Ligapokal, "Best of 5-Modus" und wohl keine Saison 20/21

Regionalliga Bayern wird fortgesetzt: So lauten die Planungen des BFV

Bayern - Die Regionalliga Bayern wird fortgesetzt. Doch was passiert mit der Saison 2020/21. Wie nun spekuliert wird, könnte diese Spielzeit komplett ausfallen, stattdessen soll offenbar ein Ligapokal ausgetragen werden. Dadurch wird es wohl keine Aufsteiger aus der Bayernliga geben.

Nun ist also die Entscheidung in der Regionalliga Bayern gefallen. Wie der BFV-Vorstand am Donnerstagabend beschlossen hat, wird die Saison 2019/20 am 1. September fortgesetzt. Eine Mehrheit der Regionalliga-Klubs sprach sich für die Lösung aus, so auch der TSV Buchbach und der TSV 1860 Rosenheim

Die noch ausstehenden elf Spieltage sollen zunächst zu Ende gespielt werden. Wahrscheinlich wird die Spielzeit ohne Spitzenreiter Türkgücü München beendet, der ab September bereits in der 3. Liga starten könnte. Die gegen Türkgücü erzielten Punkte müssten dann aus der Wertung genommen werden. Zudem wird aller Voraussicht nach Türkgücü am DFB-Pokal 2020/21 teilnehmen.

Ligapokal statt Saison 2021/22?

Wie Bayreuths Geschäftsführer Wolfgang Gruber auf seine Facebook-Seite schreibt, soll der DFB-Pokal Platz für die Saison 2021/22 in einem Ligapokal ausgespielt werden. Dieser Wettbewerb sieht vor, dass zuerst in Kleingruppen gespielt und anschließend ab Viertelfinale bis Finale der Sieger ermittelt wird. Der Gewinner des Liga-Pokals zieht dann in die DFB-Pokal Hauptrunde ein. Der Verlierer des Finals und die beiden anderen Halbfinalteilnehmer sollen dann am Totopokal teilnehmen und steigen ab dem Viertelfinale ein. 

Auch ein Aufsteiger in die 3. Liga im Sommer 2021 soll es geben.
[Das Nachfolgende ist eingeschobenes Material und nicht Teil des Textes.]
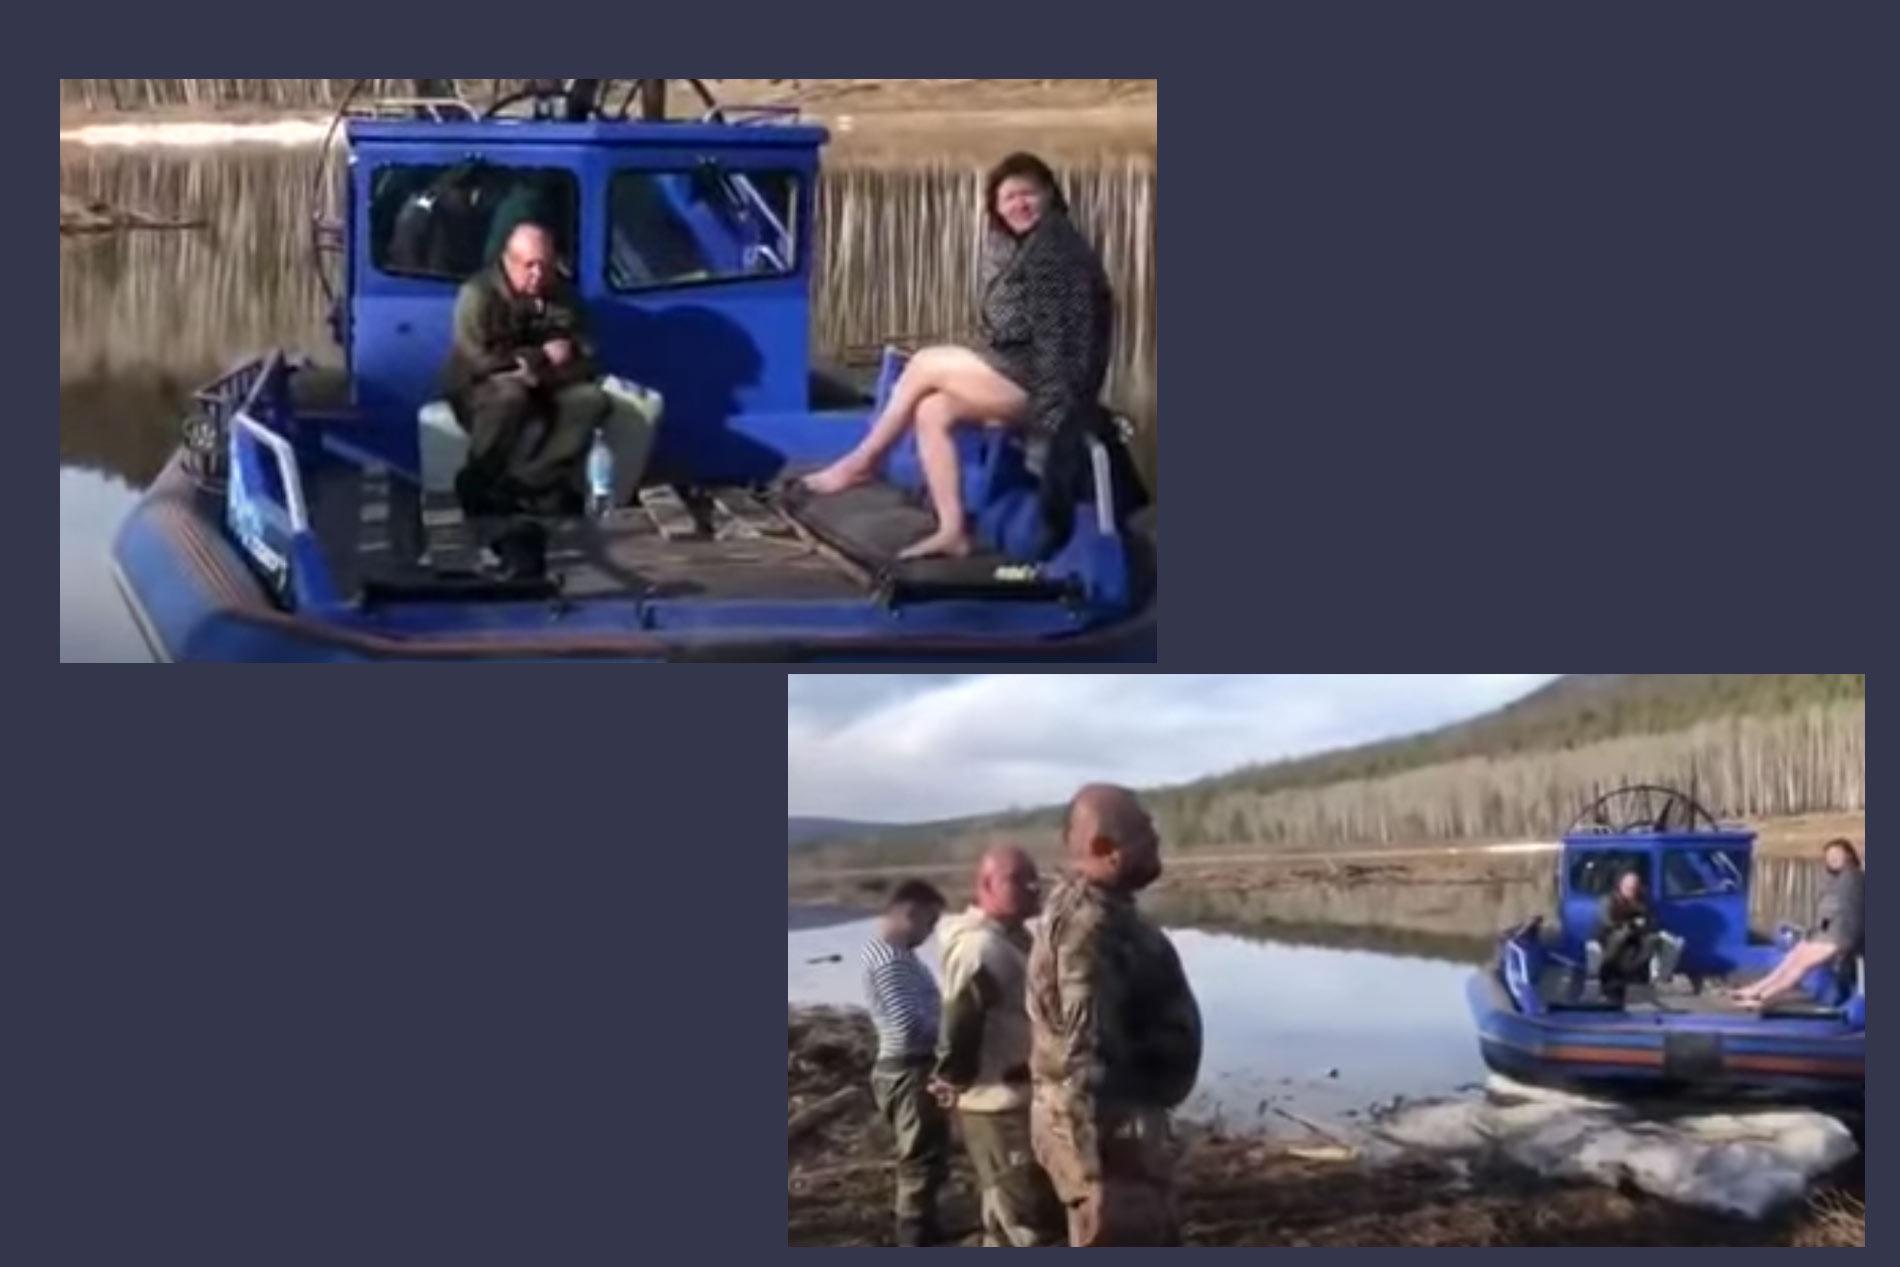 """Кадры пойманных чиновников на лодке из скандального видео ©YouTube / АНО """"Центр гражданского содействия"""""""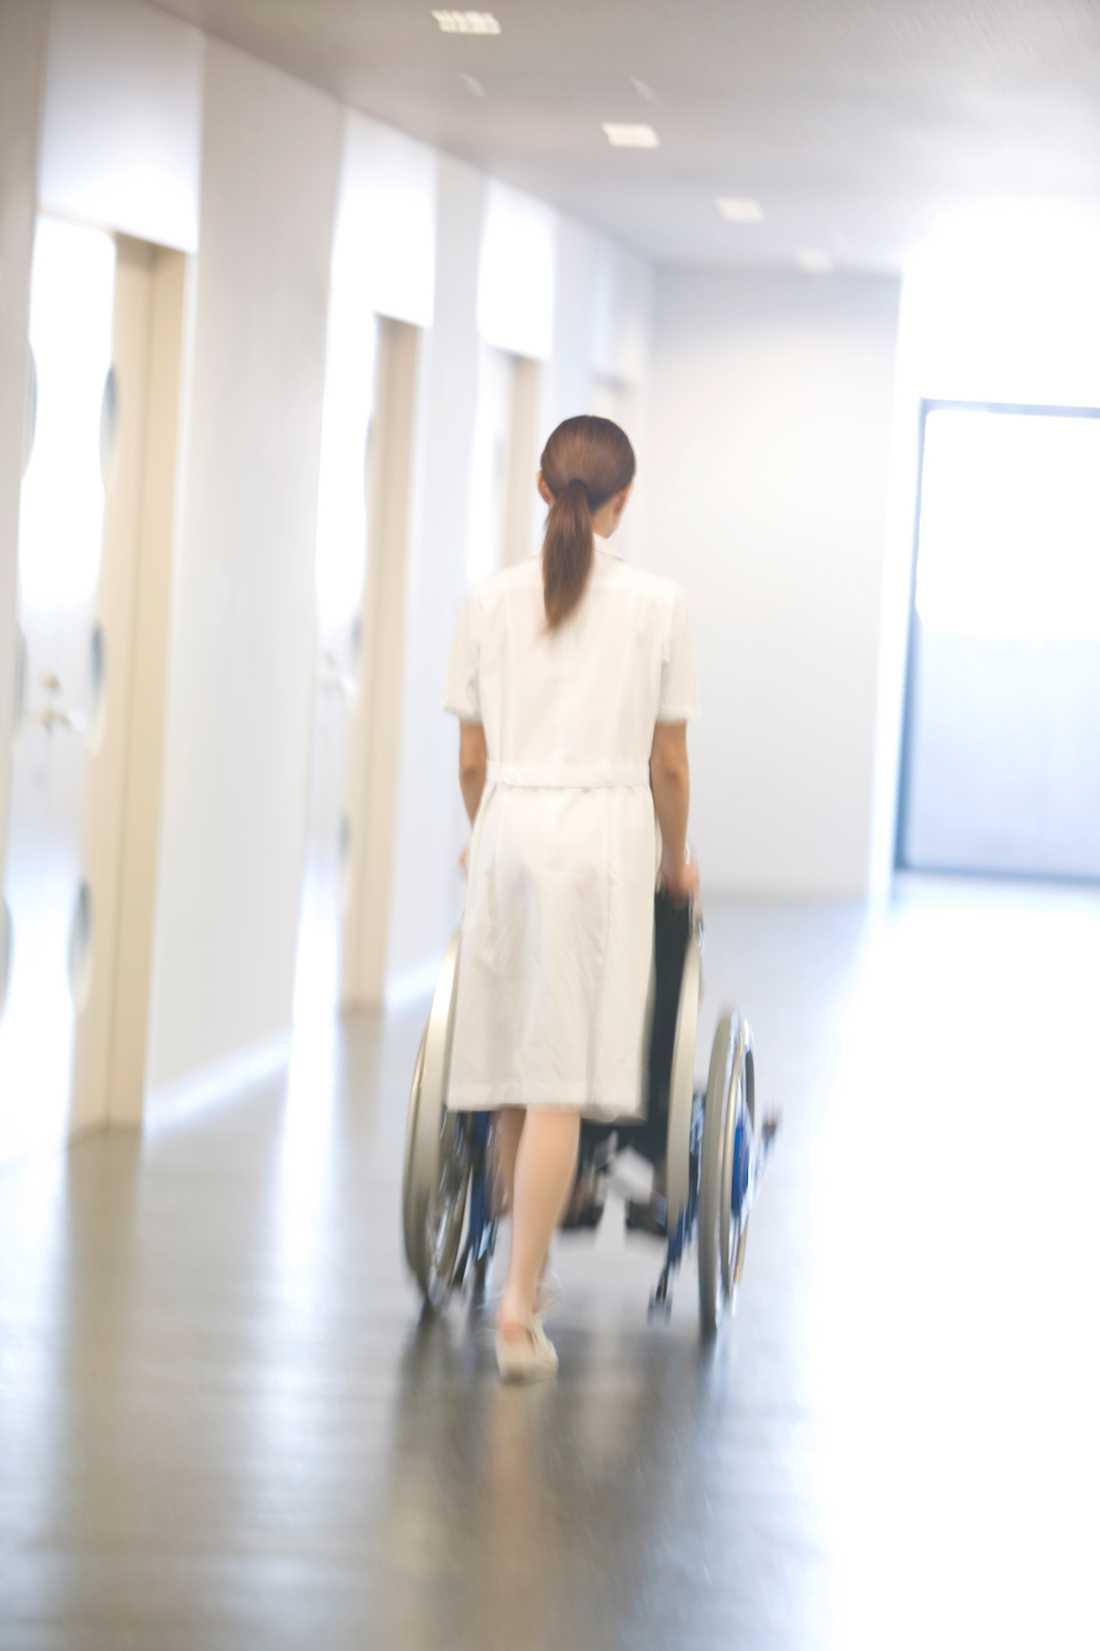 Har en undersköterska ansträngt sig mindre?

Die Mannschaften, die nach den noch elf zu absolvierenden Spielen aus der Saison 2019/20 unter den ersten vier stehen und einen Lizenzantrag für die Dritte Liga gestellt haben, nehmen an einem Playoff-Spielmodus teil. Dabei soll im Best-of-Five Modus ein Team ermittelt werden, dass im Sommer 2021 an der Relegation zur 3. Liga teilnimmt.

All diese Planungen deuten daraufhin, dass die Saison 2020/21 komplett ausfallen könnte. Zudem wird es wohl keine Aufsteiger aus der Bayernliga geben, genauso wie es keine Absteiger aus der Regionalliga geben könnte. Der BFV hat dazu noch keine weiteren Details veröffentlicht. "Damit werden etwa 24 Pflichtspiele ab 1. September festgelegt, von denen viele einen Finalcharakter haben und alle sportlich wichtigen ZIele erreicht werden können", schreibt Gruber weiter. Dies sei auch aus der Sicht der Sponsoren wichtig gewesen, um einen sportlich interessanten Wettbewerb anbieten zu können.

Bayreuth zeigt sich nach dem Ärger zufrieden mit der Lösung

Der Streit zwischen der SpVgg Bayreuth und dem BFV schien Anfang der Woche zu eskalieren. Doch nun zeigt sich der Geschäftsführer der SpVgg zufrieden mit der Lösung. "Eine Niederlage für die Altstadt? Nein, nur auf den ersten Blick. Zwar stimmten wir aus sportlichem Prinzip weiter für einen Abbruch, aber wir können mit der gefundenen Lösung sehr gut leben", schreibt Gruber. "Aus unserer Sicht hat unsere Standfestigkeit der letzten Tage ganz erheblich zu diesen Lösungen beigetragen. Wir für uns glauben, dass die Lösung Saisonfortsetzung vor wenigen Tagen noch anders ausgesehen hätte."

In einem Punkt allerdings sind sich beide Parteien nicht einig geworden. "Gegen die willkürliche Zuteilung eines DFB-Pokalplatzes 2020/21 haben wir Klage eingereicht. Dieser Meinungskonflikt soll unter Billigung des BFV juristisch ausgetragen werden. Für uns wäre nur vorstellbar, diese “Nominierung” zu akzeptieren, wenn der finanzielle Antrittsvorteil in der Regionalliga Bayern aufgeteilt wird", so Gruber.